Придворный советник фон Саксенгрюн, неизменный доброжелатель Ламмингера, не замедлил сообщить ему об этой новой дерзости ходов.

После этого о депутации заговорили во всех ходских дворах и в халупах. Ходы не удивлялись так, как барон и его чиновники, решимости своих старост. Им уже было известно, что при дворе спрашивали о них. Сперва рассказывали, как тот важный пан, что выше всех после императора, справлялся о ходах, а еще охотнее передавали, будто сам император сказал, — что у ходов, должно быть, хороший пан, раз они не дают о себе знать. Затем пронеслась весть о том, что не все старые грамоты погибли в огне. Некоторые как будто остались в Уезде. Но об этом говорили только люди постарше и, говоря, оглядывались — не подслушивает ли кто. Где могут храниться спасенные грамоты — об этом речи не заводили. Все боялись за них. В разговорах часто произносилось имя Козины, то громко, то шепотом, но всегда с большим уважением, как и в тот раз, когда в сельском правлении он так смело выступил против Ламмингера и когда там и в Тргановском замке столько выстрадал за старые права ходов.

Повеяло новым ветром. Люди всюду подняли головы. Даже те, кого сначала пришибла весть о сожжении грамот, разговаривали теперь по-иному. Вспоминали и о большой комете, озарявшей недавно в течение многих ночей небо.

— Разве она всегда предвещала только дурное? — рассуждали люди. — Разве она не может быть добрым знамением?

Лишь старый Пршибек при этих разговорах качал головой и отвечал:

— Комета всегда что-нибудь предвещает. Это правда. Я не одну комету видал на своем веку, и всегда за ней шла ибо война, либо голод и мор.

Но остальные были полны надежд и с доверием встретили новый год, тем более, что как раз к этому времени из Вены пришло первое известие от земляков. Писал Юст. Оно было адресовано его соседу в Домажлице, а тот уже передал письмо Козине. Юст сообщал, что все они благополучно добрались до Вены и он тотчас же начал хлопотать об аудиенции при дворе. К сожалению, как раз сейчас император в отъезде, но Юсту все же обещали устроить для ходов аудиенцию, когда он вернется. А кроме того, Юст нашел отличного прокуратора, родом чеха, и тот, ознакомившись с делом, сказал слово в слово то же, что и он, Юст, говорил у Ржегуржека: ходы свое дело безусловно выиграют, но процесс продлится немало времени, так как дело давнее, а у Ламмингера тут много друзей.

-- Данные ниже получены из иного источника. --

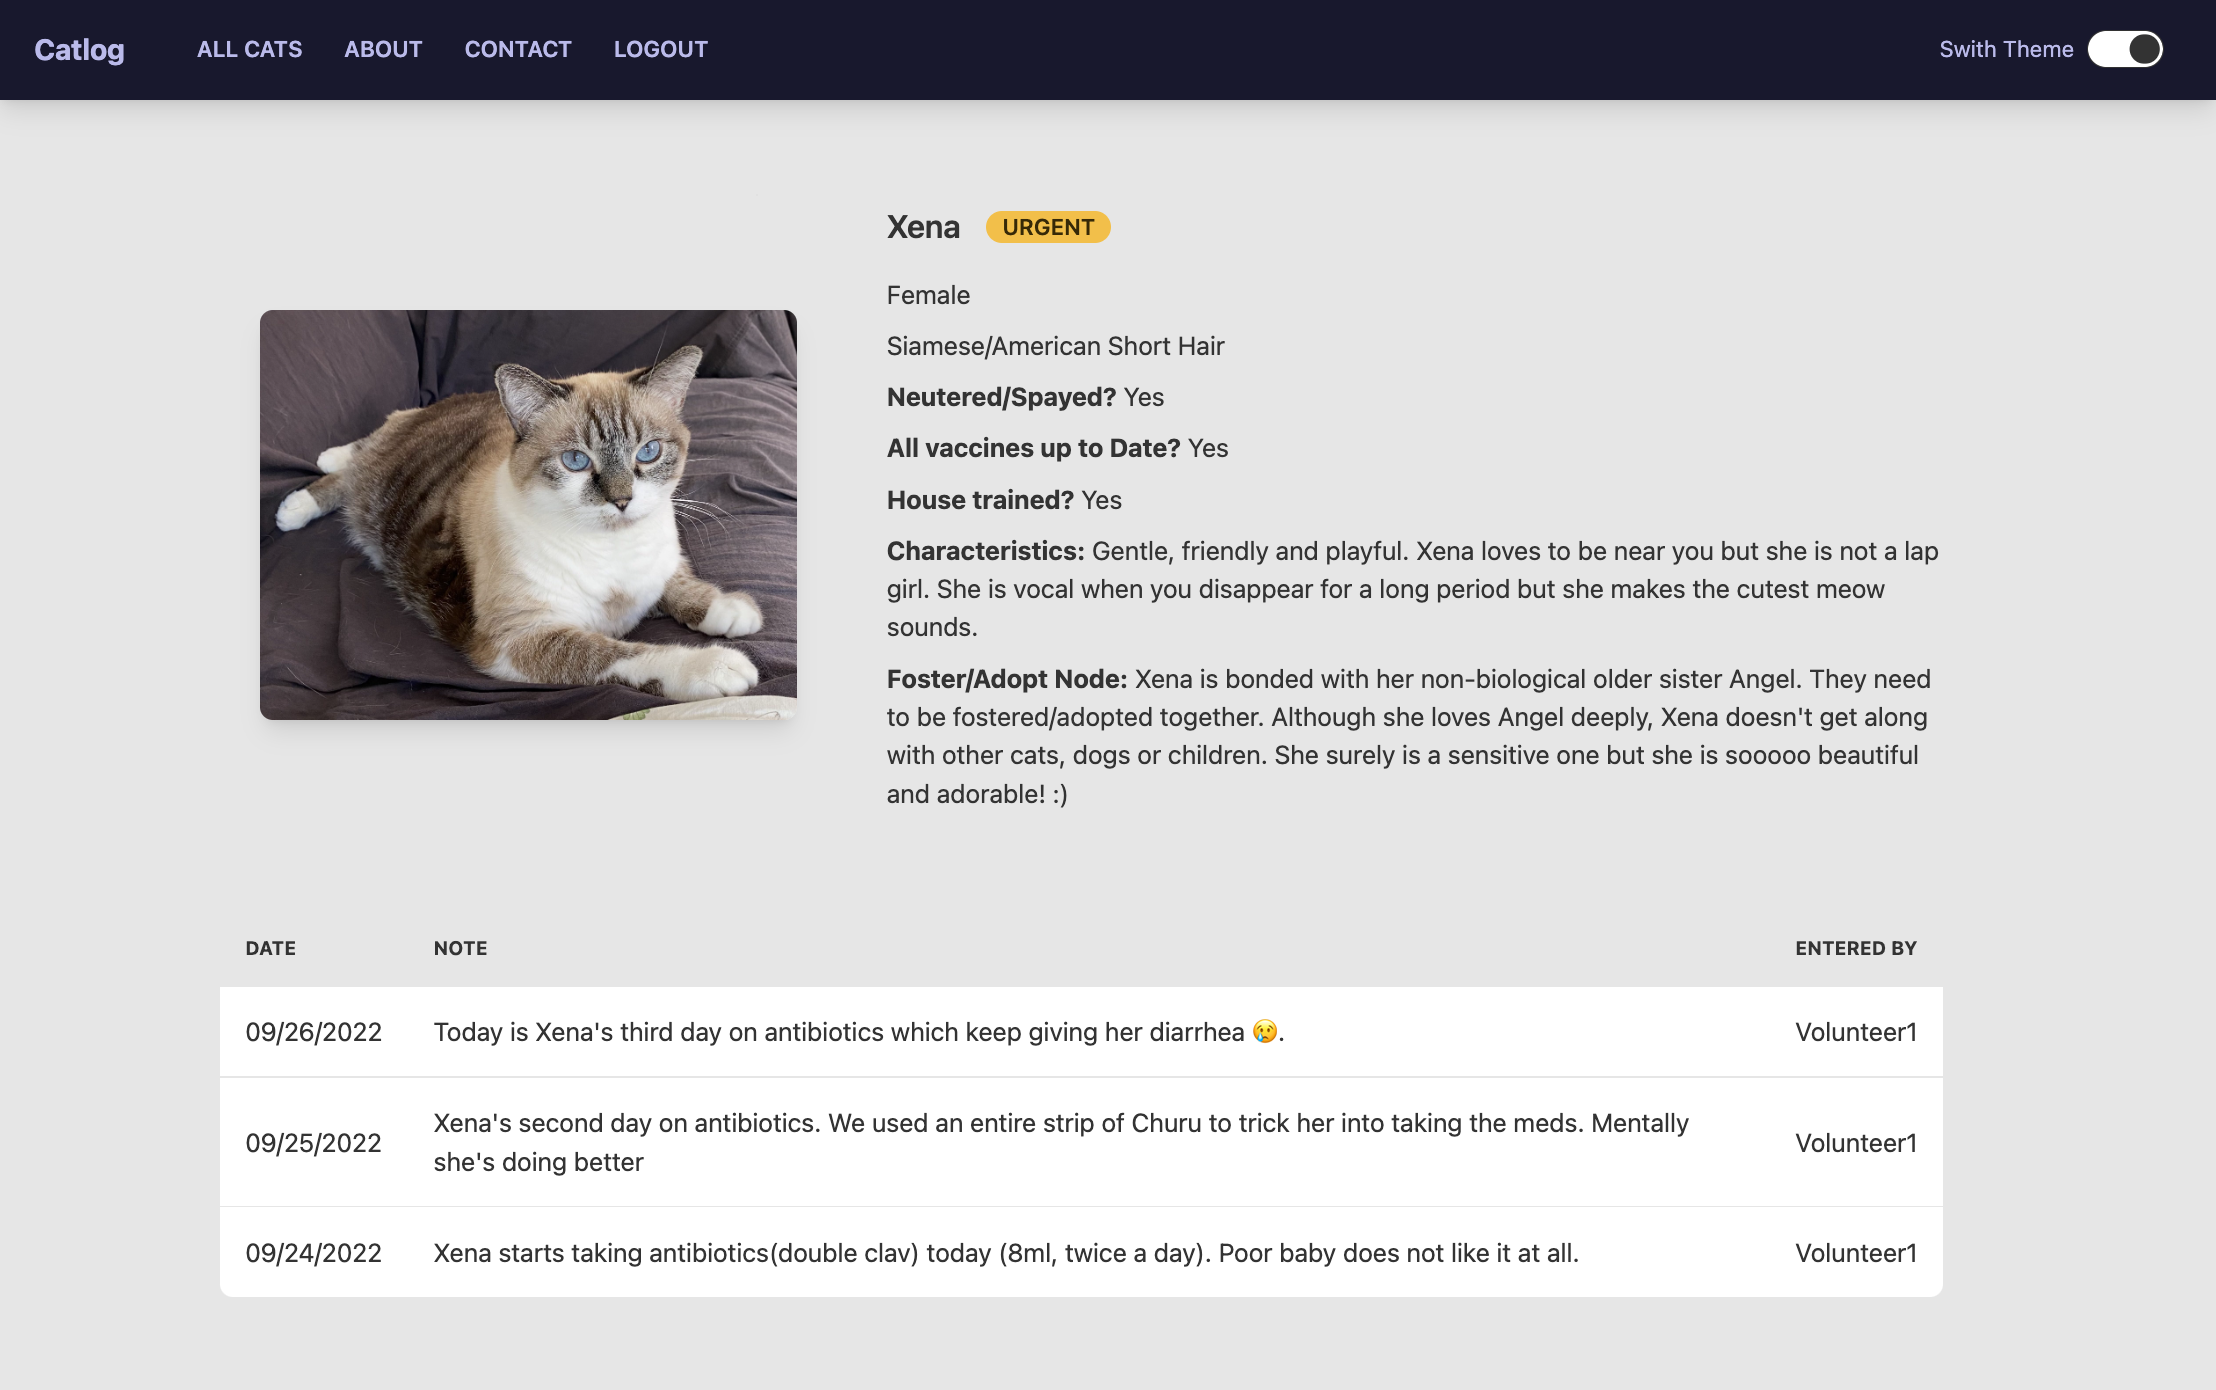 Screen Shot Cat Page Logged in as Volunteer2 (not Xena's foster)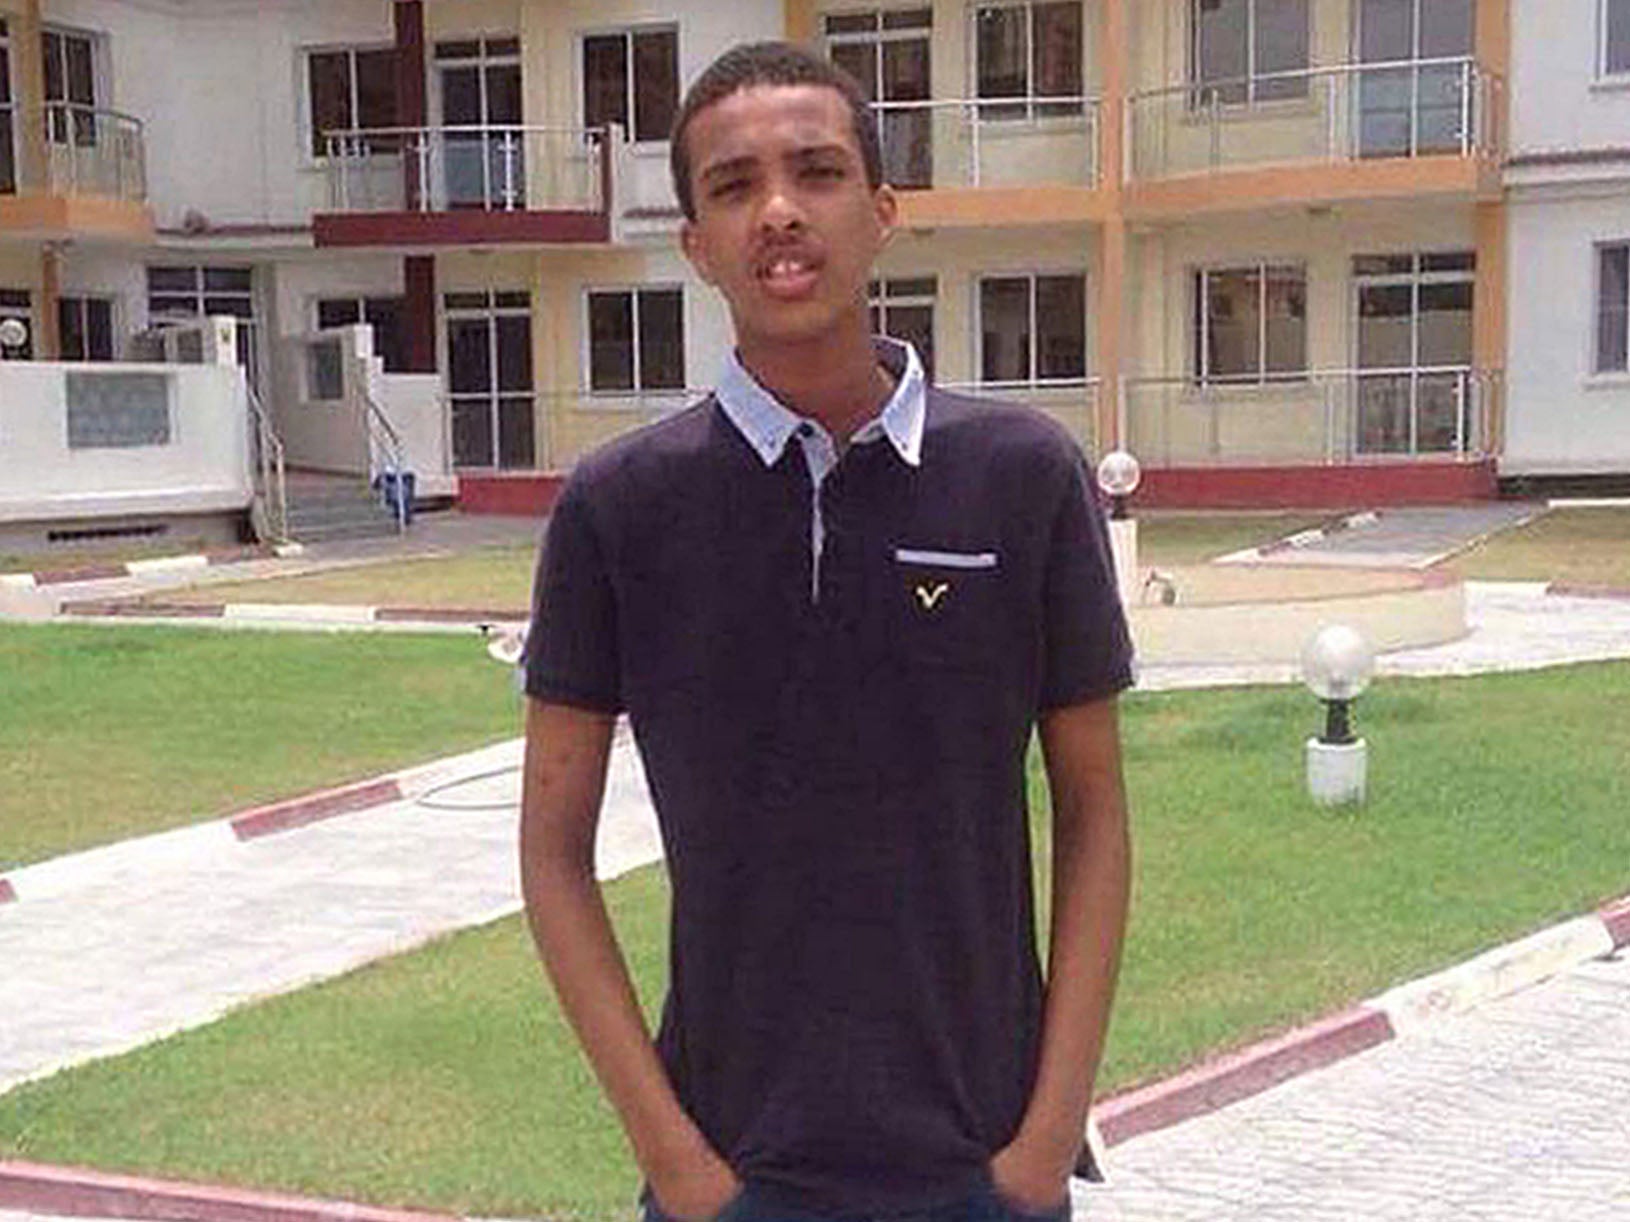 Abdikarim Hassan, 17, was one of two victims stabbed to death within hours

Все ходы смотрели на тяжбу как на свое кровное дело. Ни один голос не поднялся против. Известий о первых шагах ходоков все ожидали с нетерпением. И сообщенные Юстом новости мигом разнеслись из Уезда по Ходскому краю. Всюду они были встречены с восторгом и всюду расцвели еще более радужные надежды.

Вскоре такое же письмо, только менее многословное и хвастливое, прислал сам прокуратор Штраус. Сдержанность Штрауса особенно понравилась Сыке и старому драженовскому старосте Криштофу Грубому, на чье имя пришло это послание. А спустя некоторое время Штраус прислал второе письмо, в котором сообщал о предпринятых им шагах и снова повторял, что ходские права нисколько не утратили силы, несмотря на то, что Ламмингер и сжег старые грамоты. Этим он только повредил самому себе, так как злоупотребил своей властью краевого гетмана, и Штраус прекрасно использует это против барона.

Полученные вести мгновенно разлетелись по всем ходским деревням. Их передавали устно и письменно, и всюду только о них и толковали. А когда из Вены одно за другим пришло сразу несколько писем, даже старый Пршибек позабыл о комете и готов был позабыть свои сомнения. Одно из этих писем было от Юста, который сообщал, что аудиенция у императора уже назначена. Другое, полное надежд и призывавшее к стойкости, было от прокуратора. А третье было написано неуклюжей рукой постршековского Псутки, который, по поручению всех ходоков, рассказывал, как они были ъ императорском дворце, как предстали пред самим императором, как он милостиво выслушал их и обещал, что им будет оказано правосудие. Псутка расписывал при этом роскошь императорского дворца и много говорил о самом императоре; слова его совпадали с тем, что рассказывал Юст на тайном собрании, и это укрепило в их глазах авторитет домажлицкого ад воката.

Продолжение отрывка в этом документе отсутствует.